Севастопольская страда. Том 3 - Сергеев-Ценский Сергей Николаевич (библиотека книг .txt) 📗
III
Ясно представить заранее, как именно станут действовать интервенты на подступах к Керчи и далее, было, конечно, невозможно, а казаки, посланные Горчаковым предупредить Врангеля, что десантный отряд, «приблизительно в двадцать пять тысяч человек», отправлен, по всей вероятности, в Феодосию и Керчь, успели прискакать с этим известием тогда только, когда из утреннего тумана в море, перед прибрежным селением Камыш-Буруном, начали вырисовываться многочисленные остовы пароходов и огромных боевых кораблей.

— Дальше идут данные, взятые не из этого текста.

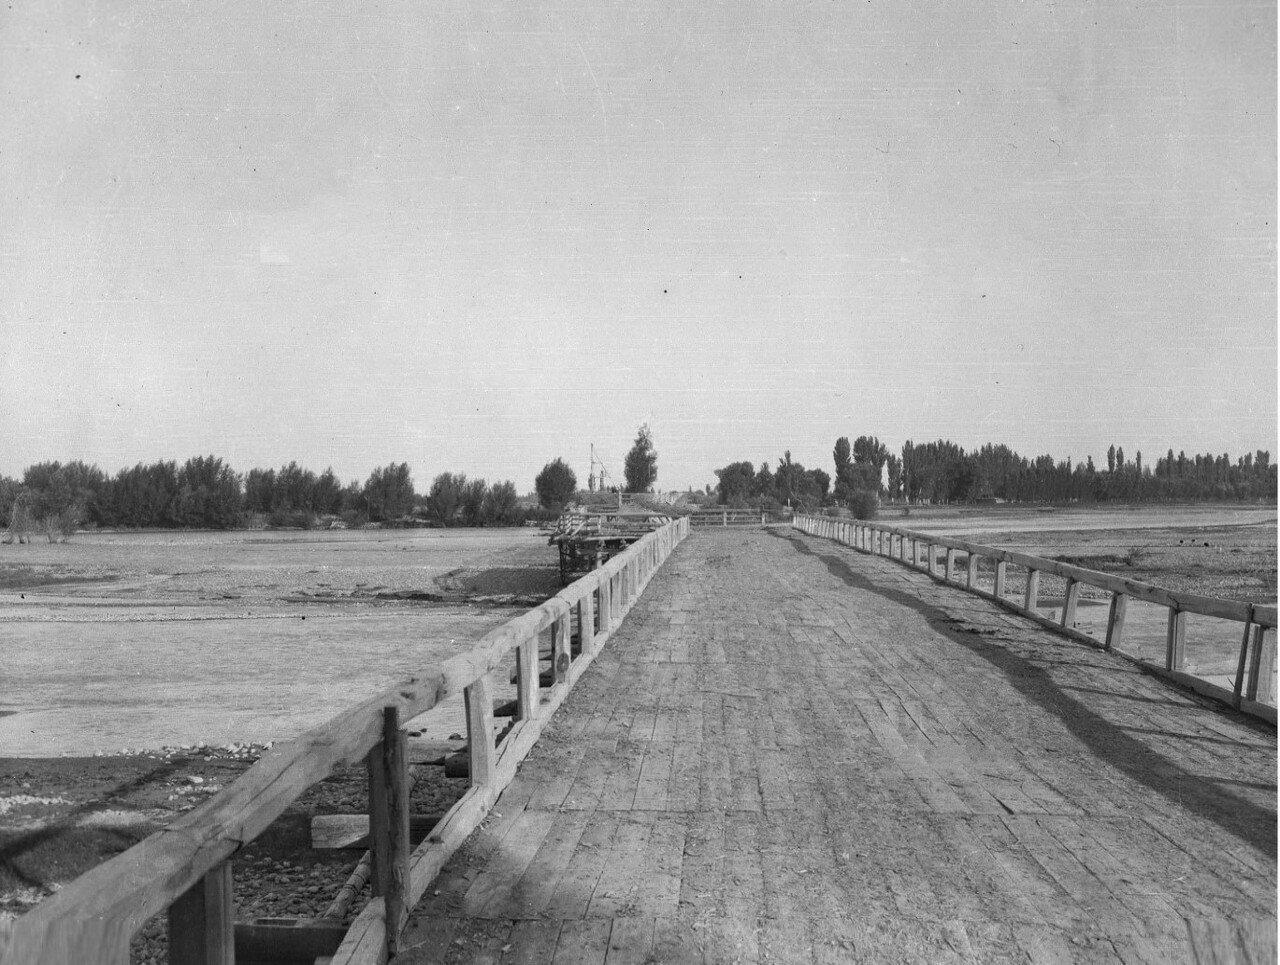 Ташкент (Сырдарьинская область). Деревянный мост

Тогда же прибыло донесение и от коменданта Феодосии, что большая эскадра прошла, не задерживаясь, мимо этого города на восток.
В Петербурге, в военном министерстве, царило прочное убеждение, что помешать десанту союзников, подкрепленному двумя-тремя десятками больших боевых судов, овладеть Керчью и Азовским морем вообще невозможно, поэтому незачем и затрачивать для защиты пролива большие средства.
Хозяйственный наказной атаман Хомутов скорбел об огромных запасах хлеба в портах Приазовья, особенно в Геническе, которые попадут, конечно, в руки интервентов, вместо того чтобы питать защитников Севастополя. «Даже и острый русский штык без сухарей окажется туп», — уныло писал он военному министру Долгорукову. Однако никаких мер ни к вывозу хлеба внутрь страны, ни к подлинной защите Керчи в Петербурге не принимали; между тем за входом в Азовское море союзники наблюдали зорко.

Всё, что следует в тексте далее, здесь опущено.